Namun, entah kenapa dia tetap terlihat menggemaskan. Apakah itu keuntungan menjadi cantik?

'Ya Tuhan, semoga wajahku terlihat sebagus dia... Yah, terserahlah...' Aku memutuskan untuk berhenti memikirkannya.

Hoamm...

“…Melihatnya membuatku mengantuk juga.”

Dia biasanya pulang ke rumah satu jam dari sekarang, jadi tidak apa-apa membiarkannya tidur lebih lama.

Aku menarik selimut ke tubuhnya sebelum menyetel alarm dan berbaring di lantai.

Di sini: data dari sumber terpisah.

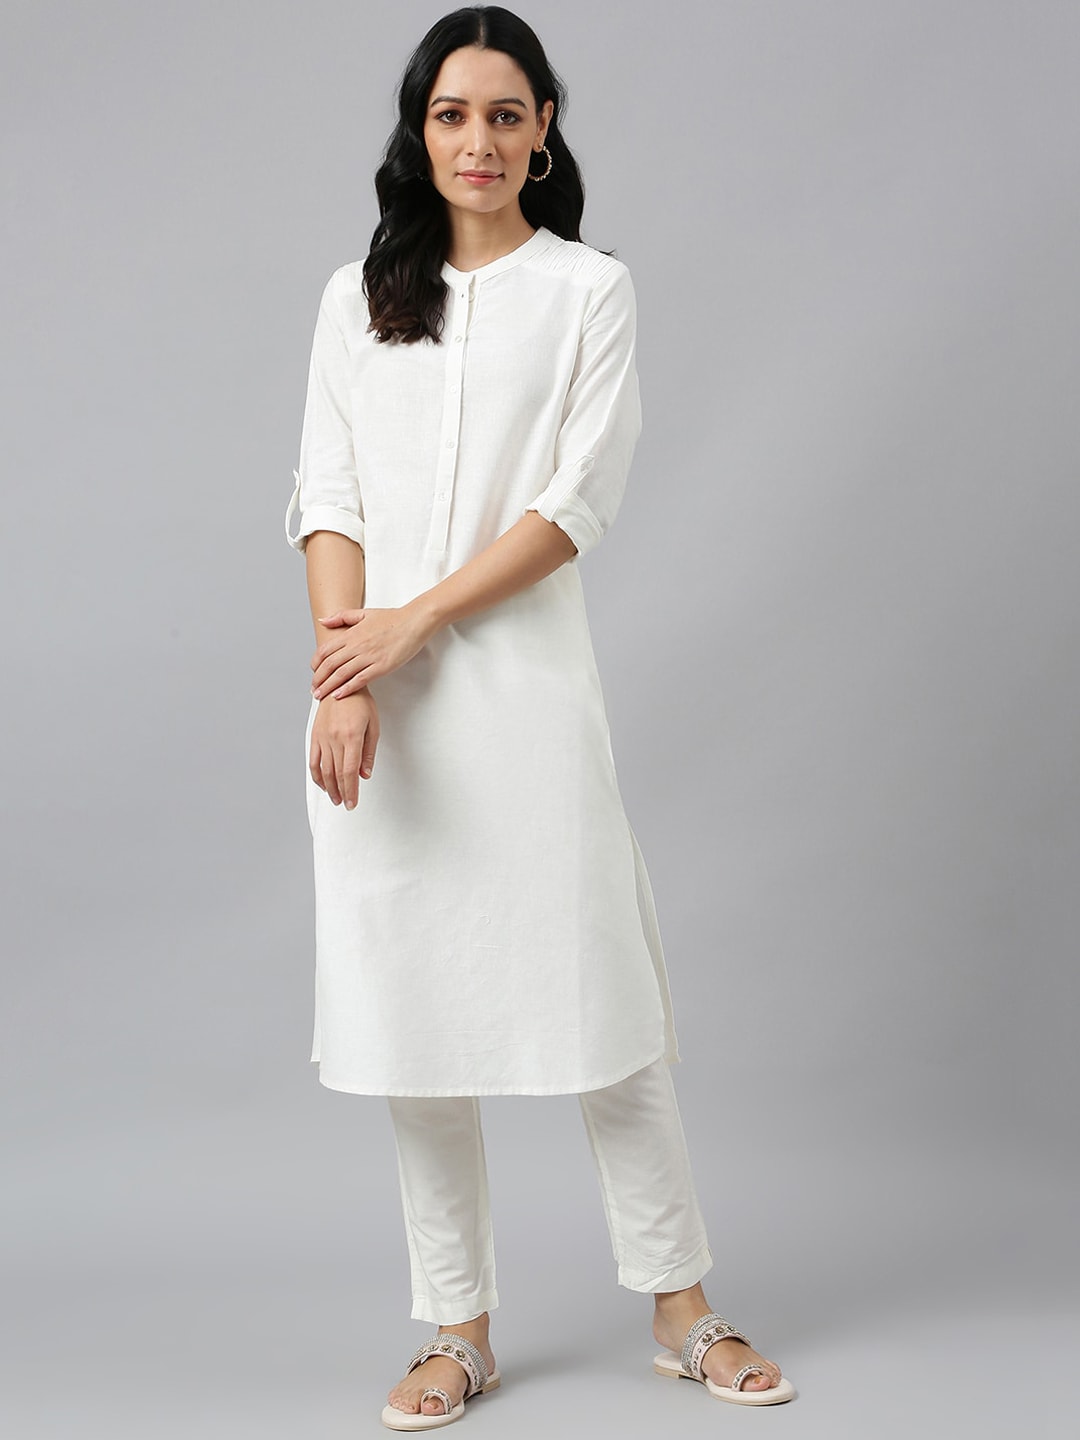 W White Mandarin Collar Roll-Up Sleeves Pathani Kurta Price in India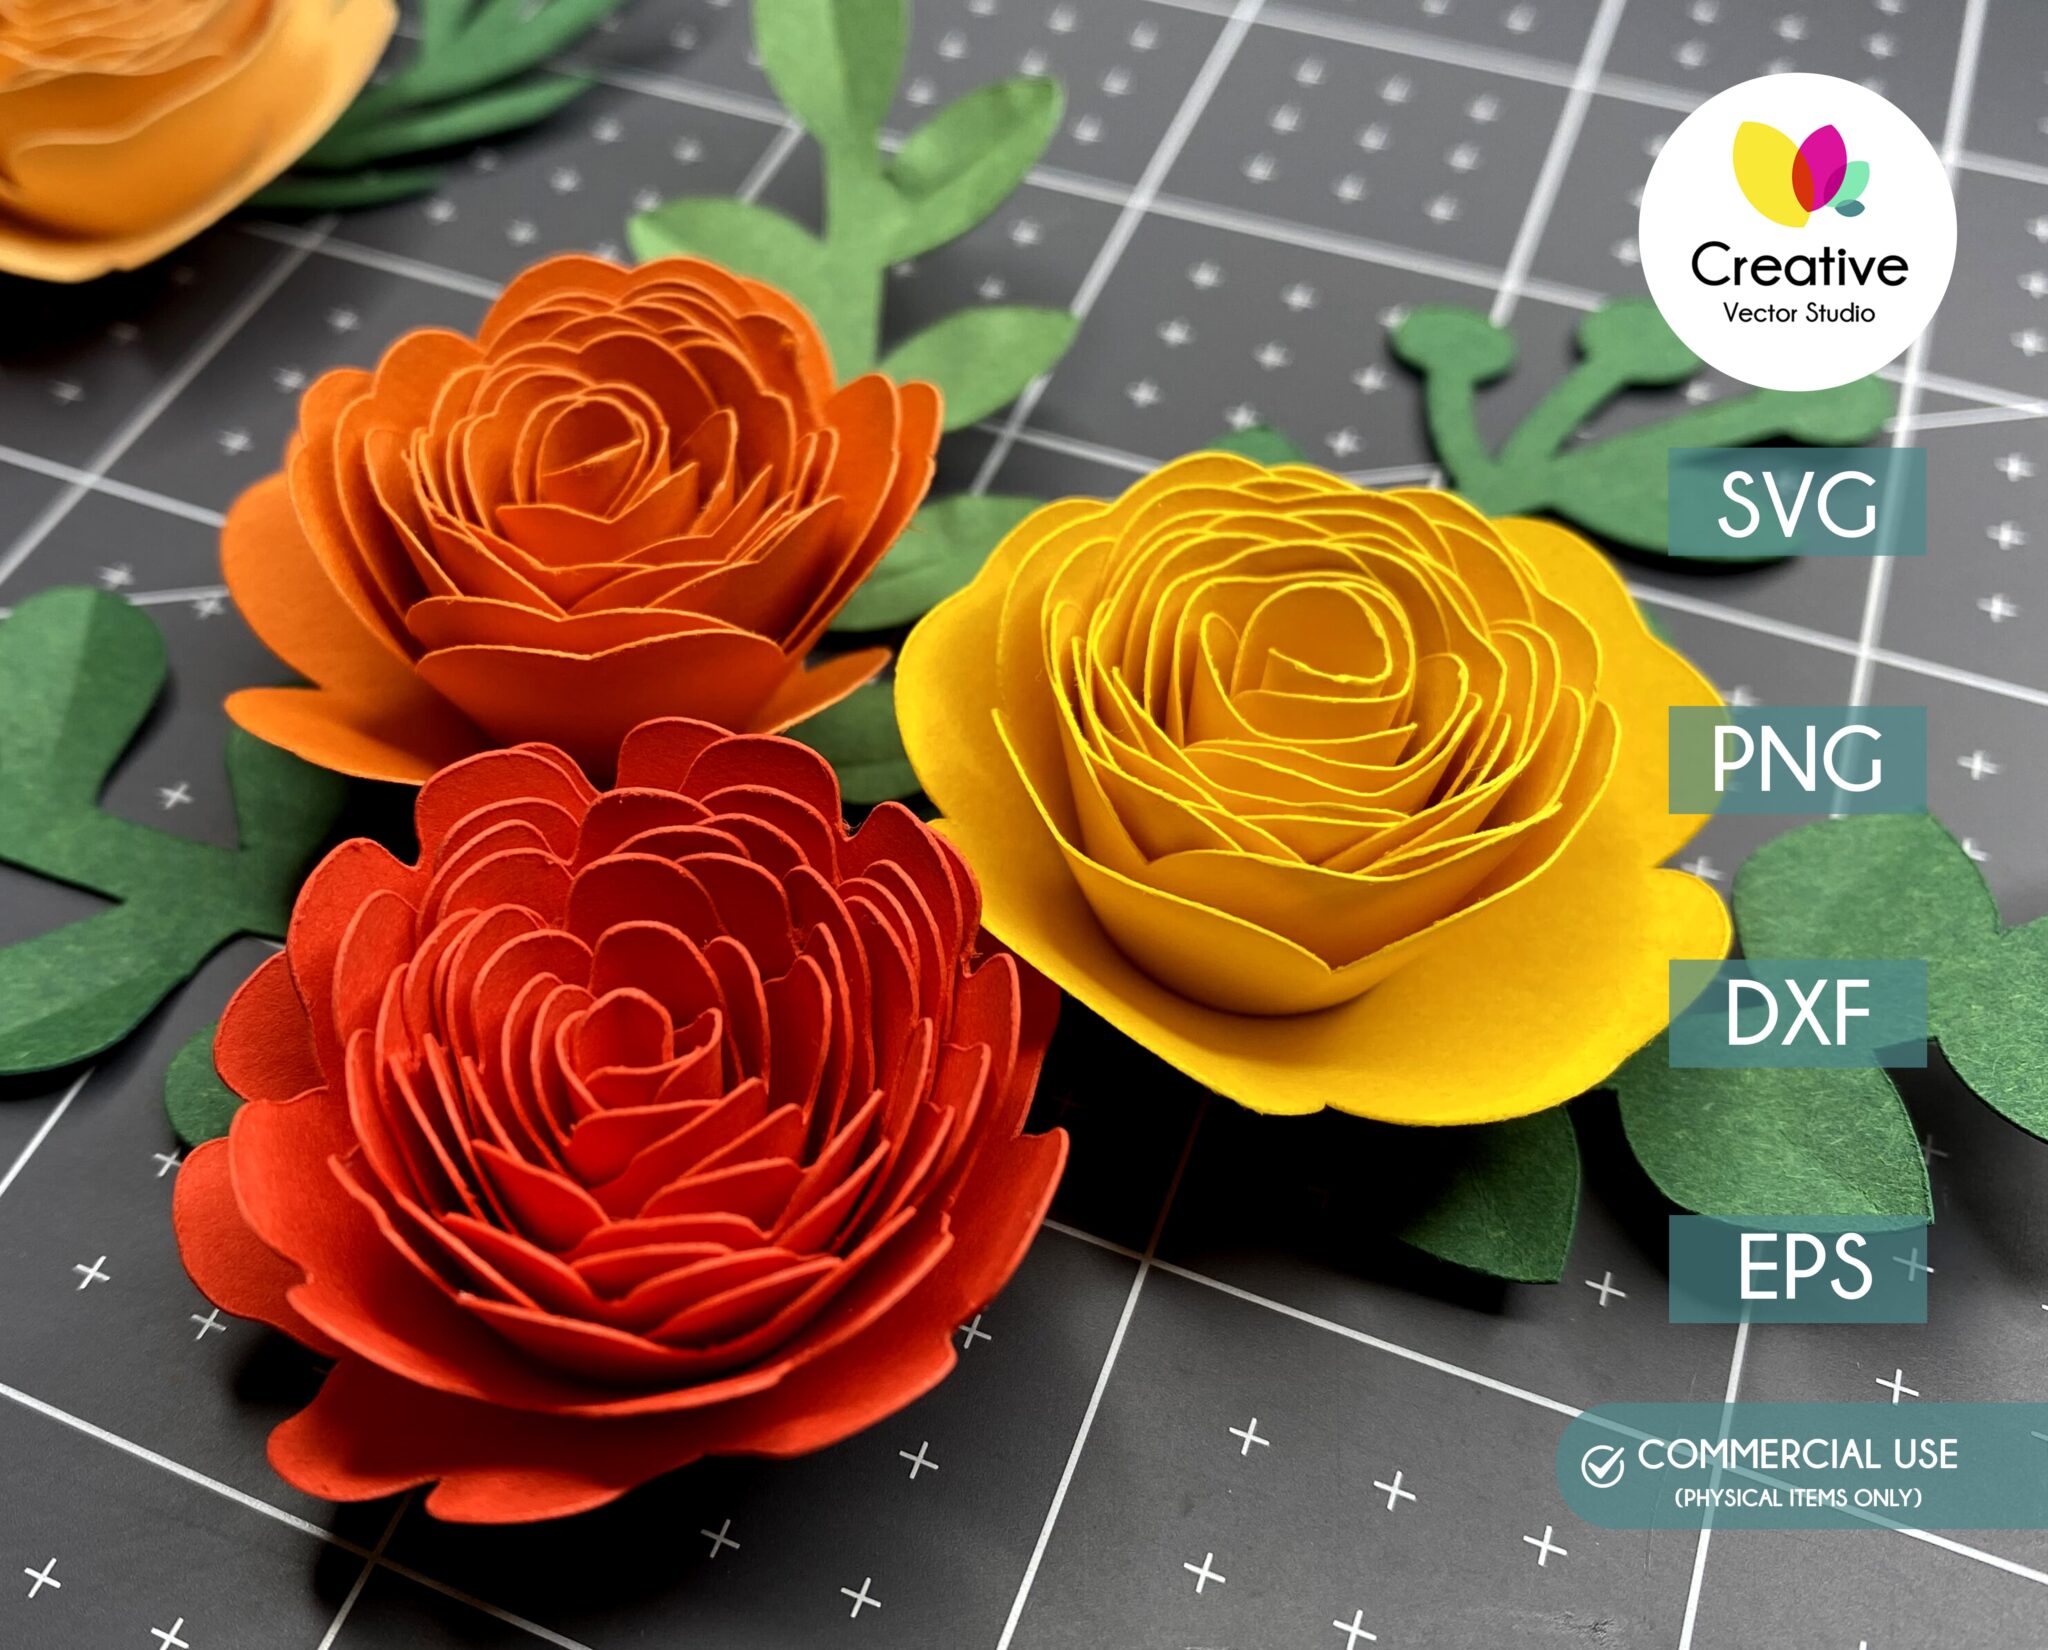 Rolled Flower SVG Bundle - Creative Vector Studio

Dengan bantal sebagai bantalku, aku memutuskan untuk tidur siang sebentar.

 

 

"Maki, bangun."

“Mm…?”

Aku sedang tidur siang yang menyenangkan ketika aku mendengar suara seseorang bergema melalui kesadaranku yang kabur.

Alarm belum berbunyi, jadi belum lama ini aku mulai tidur siang… Mungkin Asanagi sudah bangun? …Kalau begitu, aku harus mengantarnya ke pintu depan.

“Maki. Maki, bangun.”

“…Maaf, Asanagi, aku juga tertidur.”

“Hmm, jadi nama gadis itu Asanagi?”

“…Eh?”

Aku punya firasat buruk tentang ini.

Ketika aku membuka mata dan berbalik, aku melihat Asanagi masih tidur nyenyak di tempat tidurku.

Ya, dia masih tidur.

Jika itu masalahnya, maka orang yang memanggilku adalah…

Aku perlahan memutar kepalaku.

“Aku pulang kerja lebih awal untuk pertama kalinya dalam beberapa saat… Dan aku melihatmu membawa pulang seorang gadis, hm?”

“I-ibu…”

Berdiri di depanku adalah Maehara Masaki. Orang yang seharusnya bekerja pada jam ini. Ibuku.